[[ Dataset extract open ]]
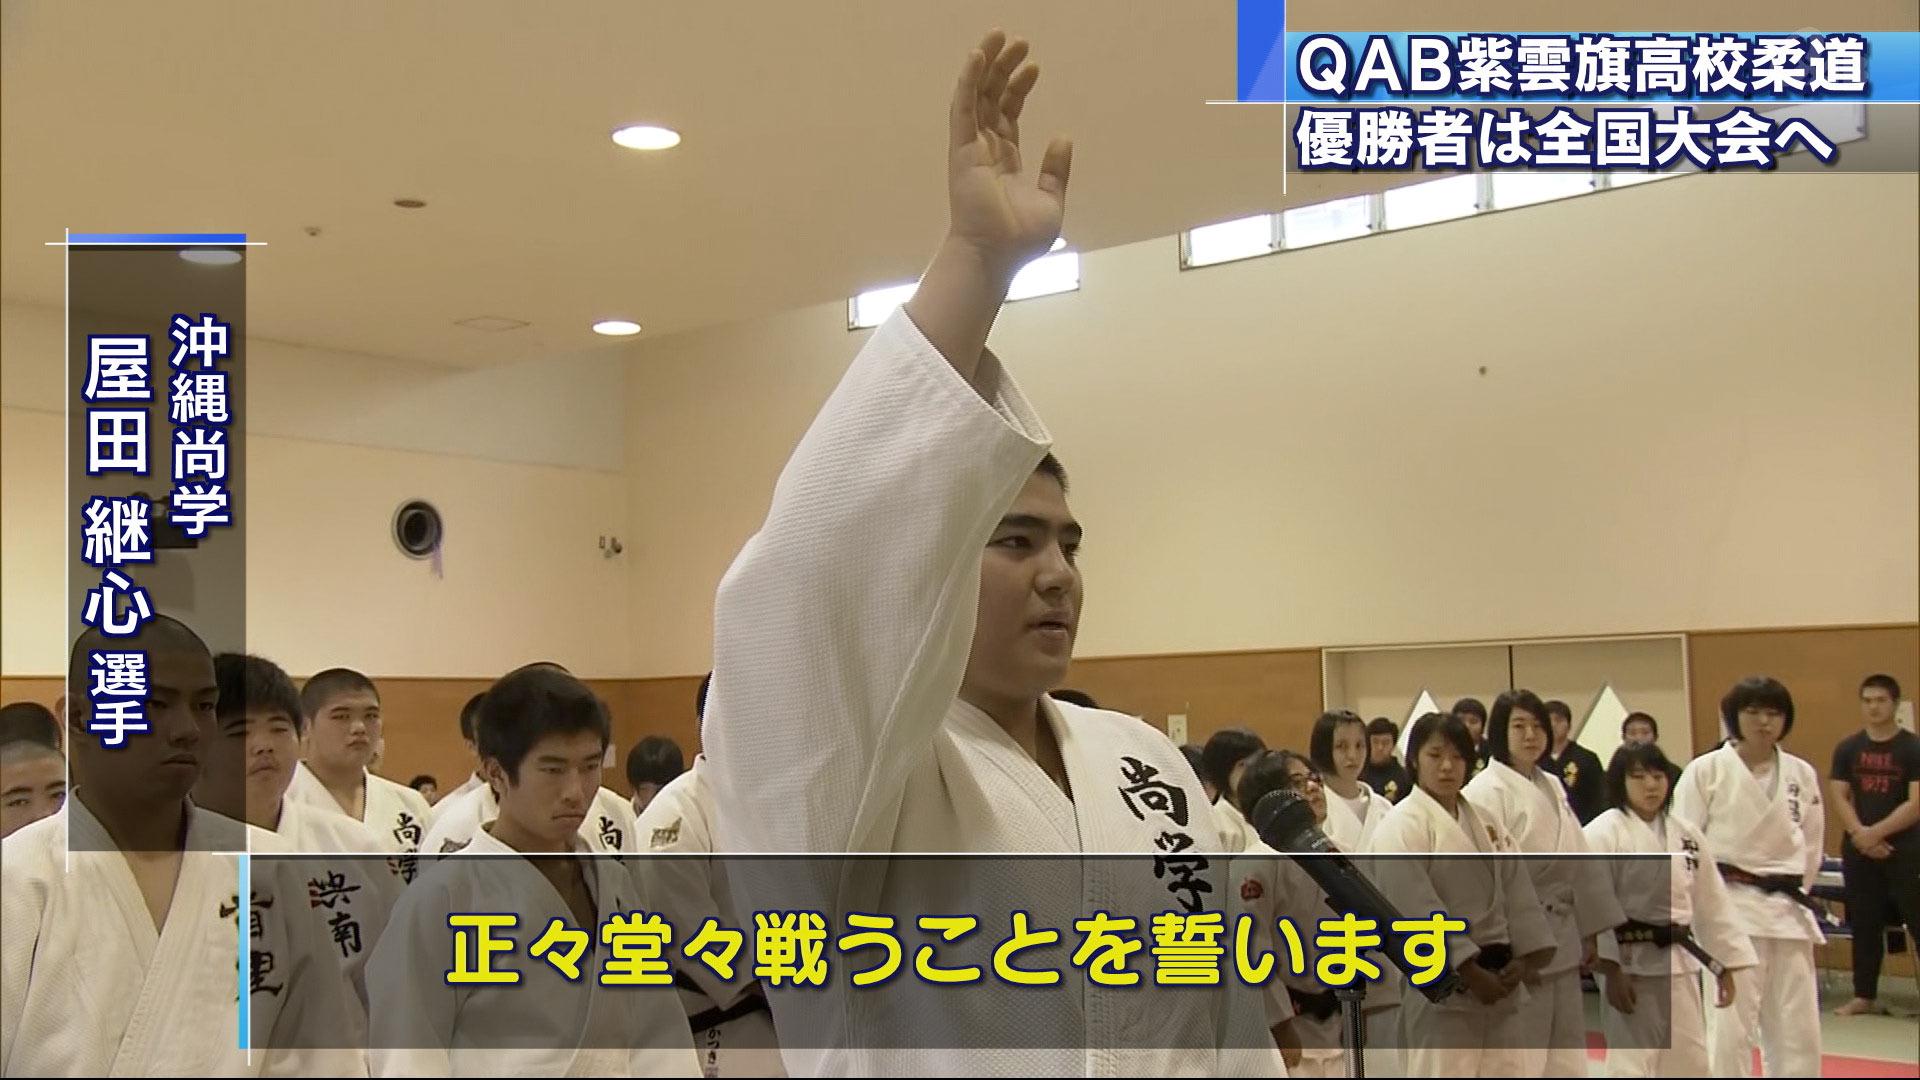 QAB紫雲旗争奪高校柔道で熱戦続く
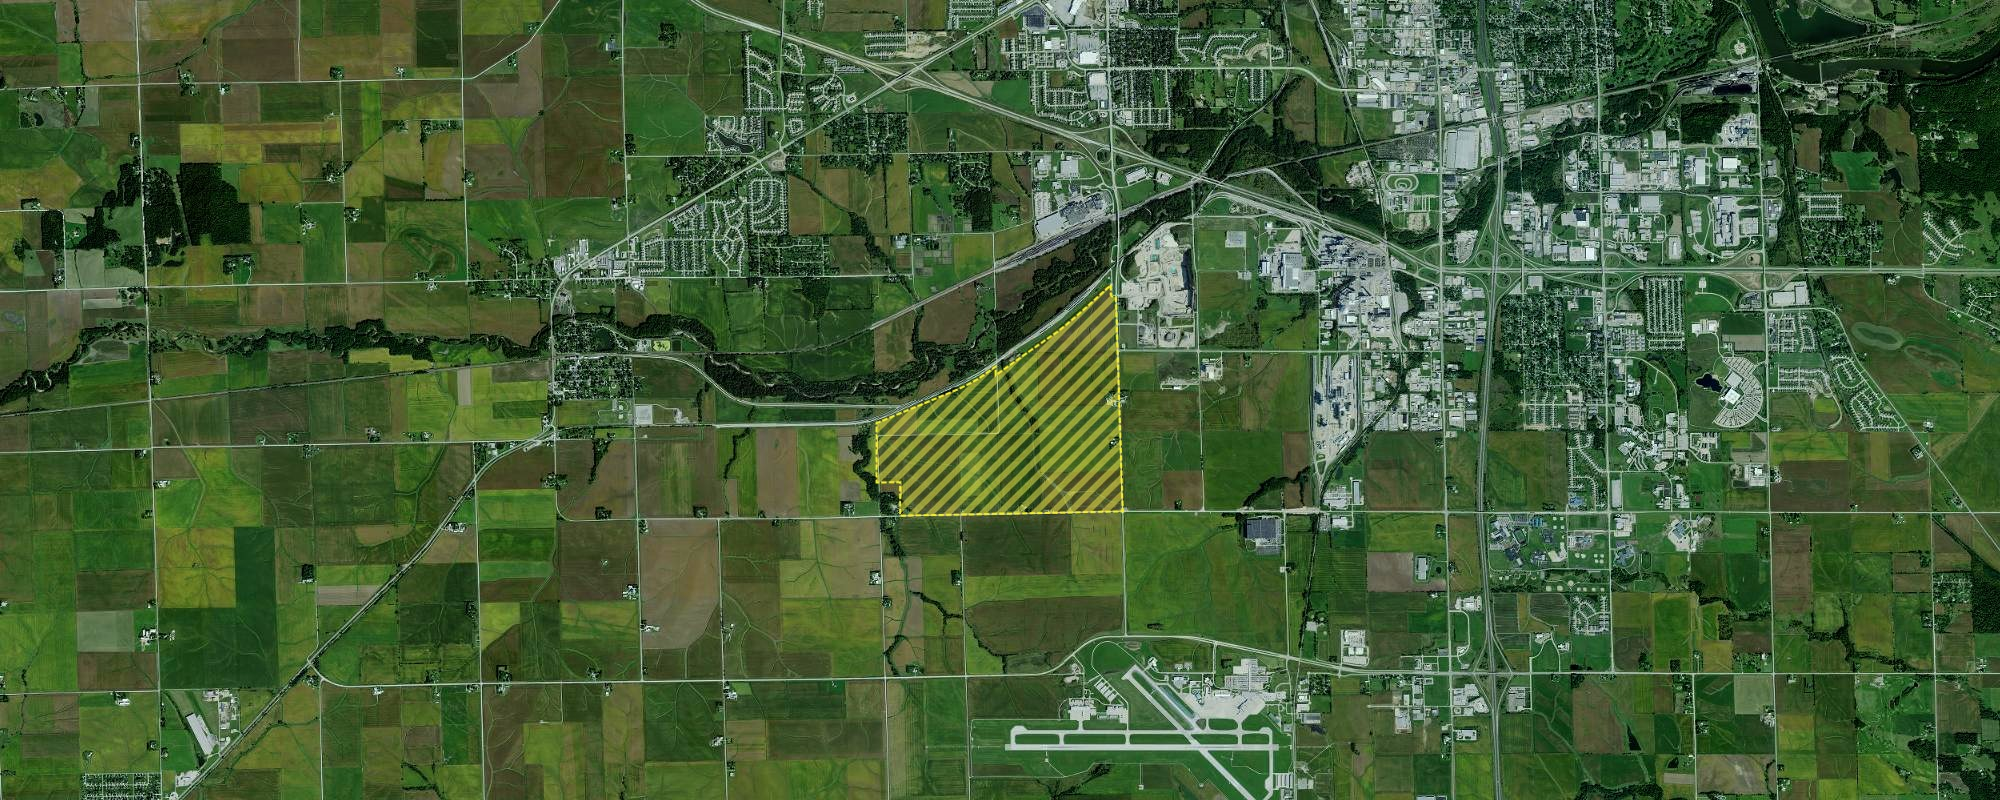 Cedar Rapids Big Cedar Industrial Center Certified Site - Iowa ... on map of windsor heights iowa, map of ft dodge iowa, map of coggon iowa, map of lemars iowa, map of panora iowa, map of boxholm iowa, map of sergeant bluff iowa, map of strawberry point iowa, map of garnavillo iowa, map of monona iowa, map of dike iowa, map of elk horn iowa, map of correctionville iowa, map of clutier iowa, map of drakesville iowa, map of keota iowa, map of larchwood iowa, map of lincoln iowa, map of letts iowa, map of tripoli iowa,
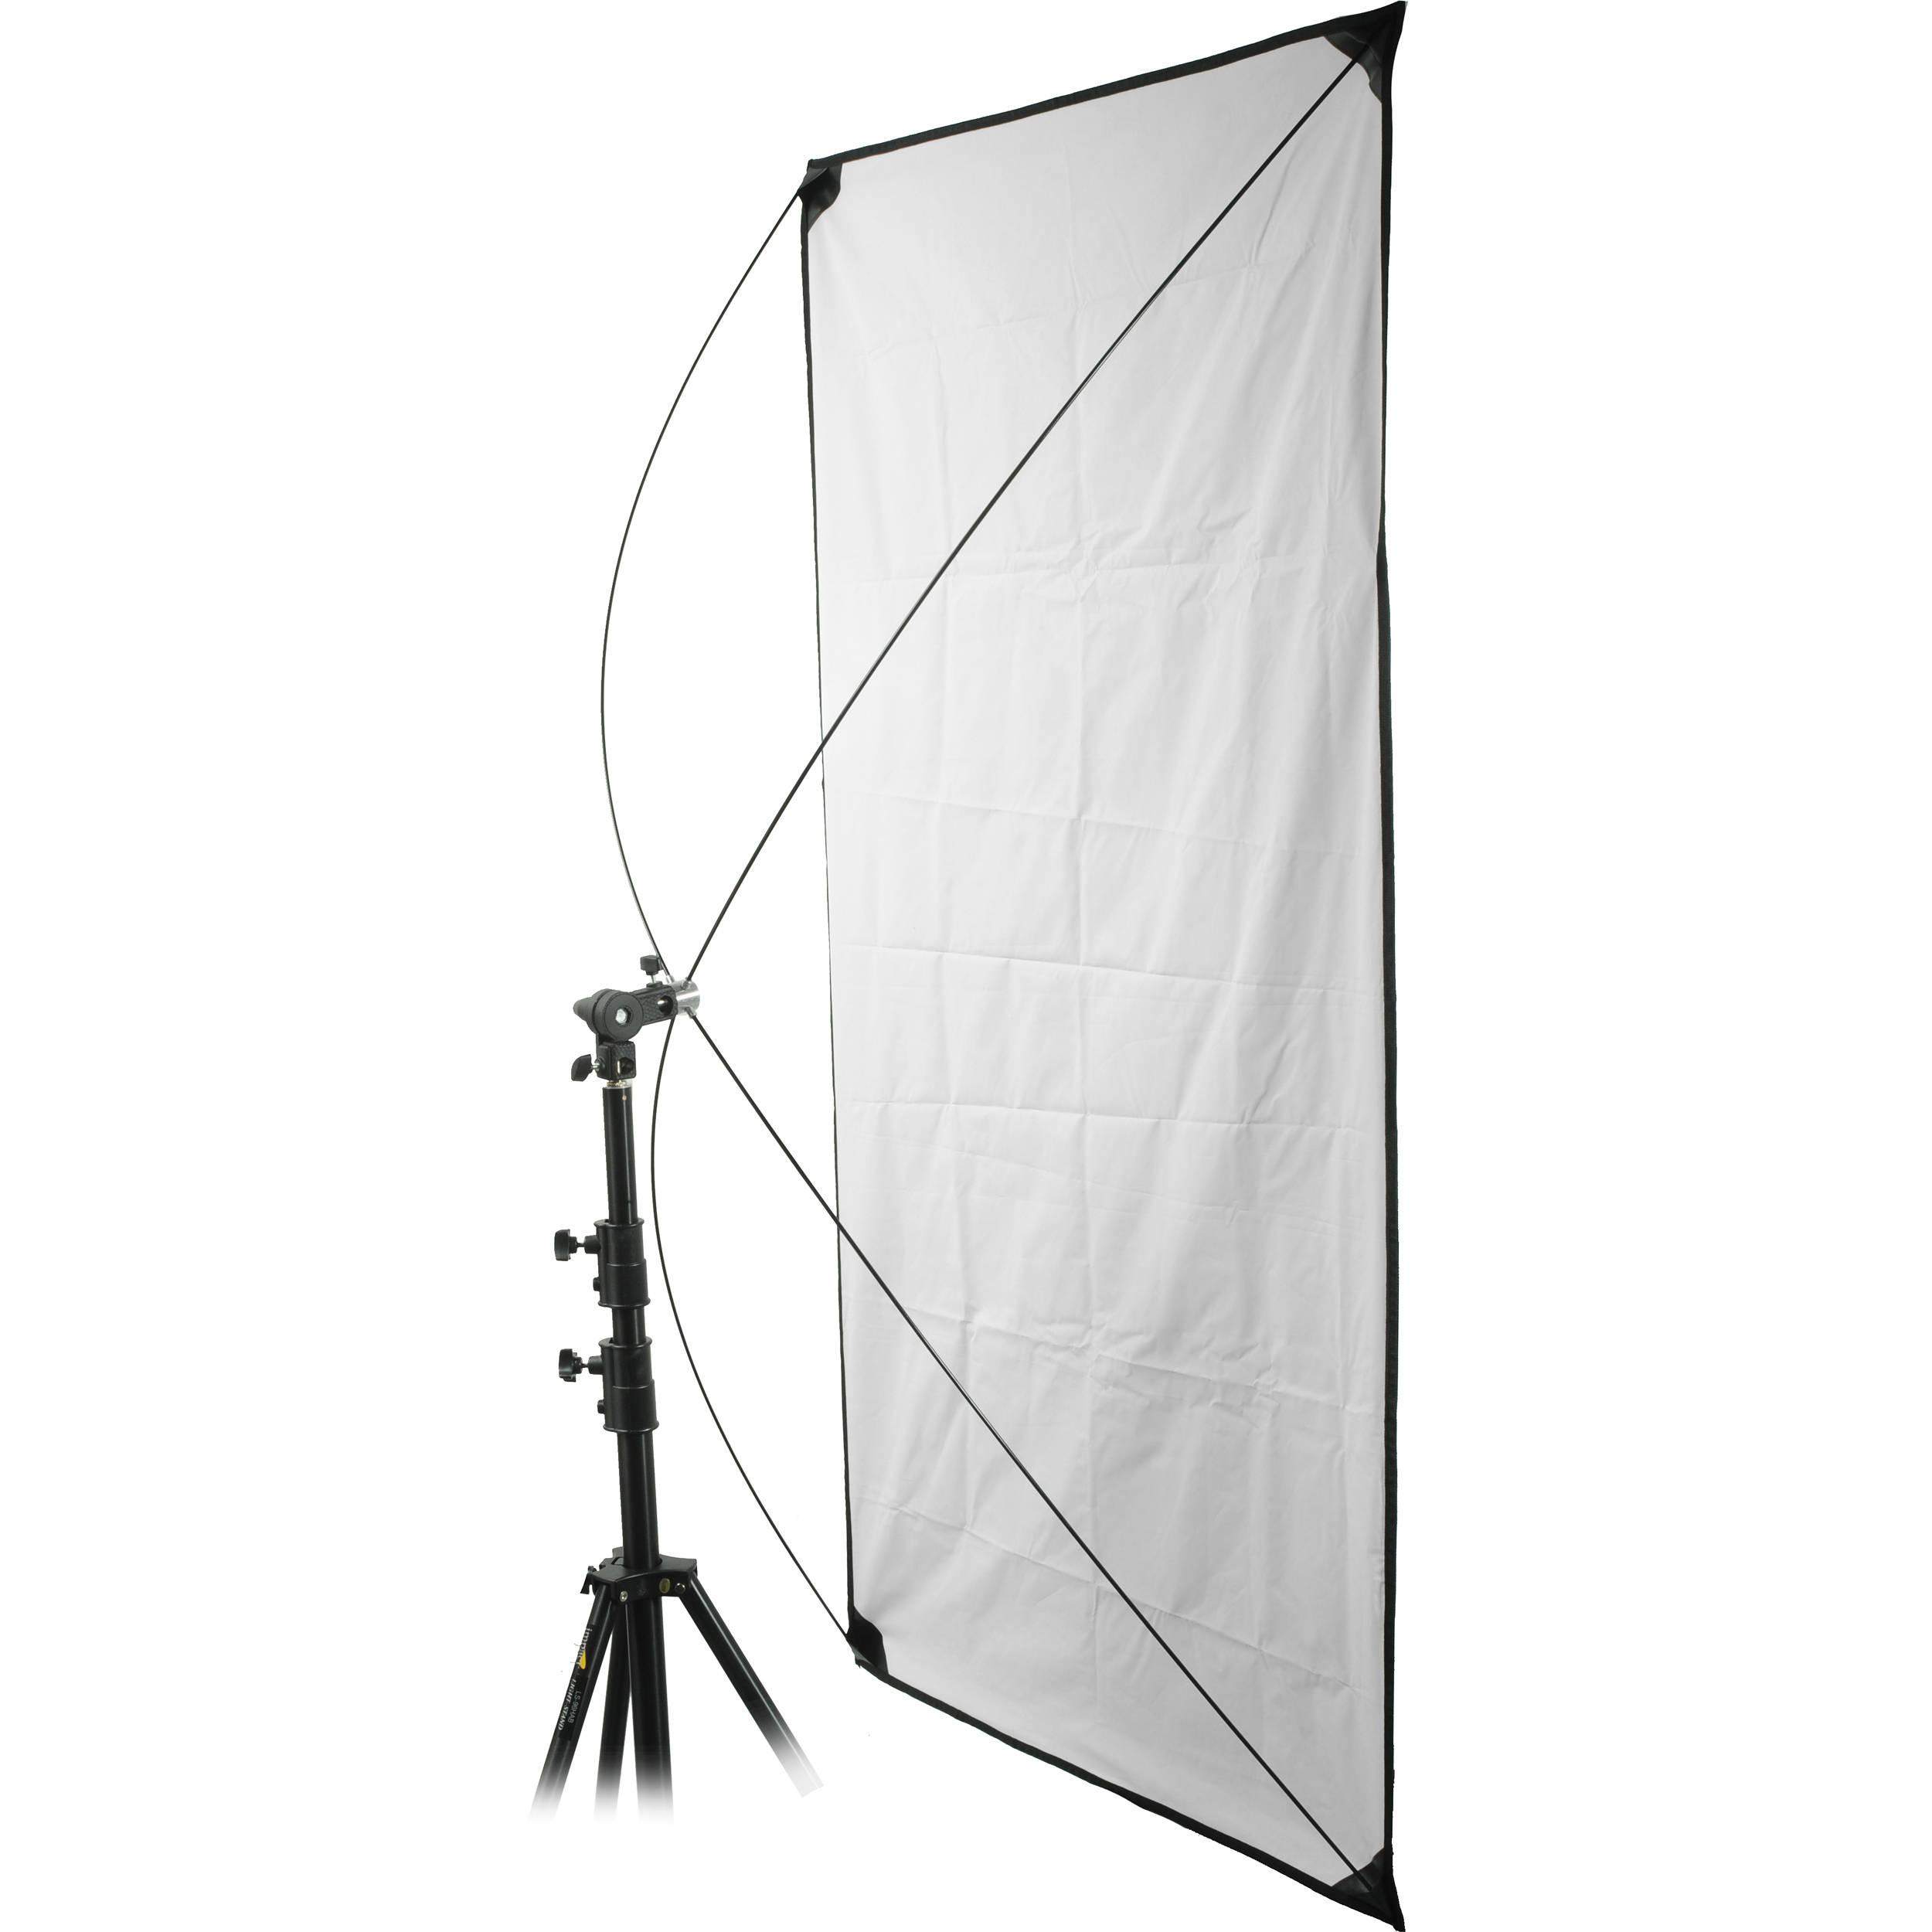 "Studio Lighting Cheap: Impact Reflector Panel 35 X 70"" (90 X 179 Cm) RP-3570 B&H"
[[ Dataset extract closed ]]
What to work on
Reproduce the whole listing word for word, setting aside any pictures.

Result for this exercise
 QAB紫雲旗争奪高校柔道で熱戦続く
 Cedar Rapids Big Cedar Industrial Center Certified Site - Iowa ... on map of windsor heights iowa, map of ft dodge iowa, map of coggon iowa, map of lemars iowa, map of panora iowa, map of boxholm iowa, map of sergeant bluff iowa, map of strawberry point iowa, map of garnavillo iowa, map of monona iowa, map of dike iowa, map of elk horn iowa, map of correctionville iowa, map of clutier iowa, map of drakesville iowa, map of keota iowa, map of larchwood iowa, map of lincoln iowa, map of letts iowa, map of tripoli iowa,
 "Studio Lighting Cheap: Impact Reflector Panel 35 X 70"" (90 X 179 Cm) RP-3570 B&H"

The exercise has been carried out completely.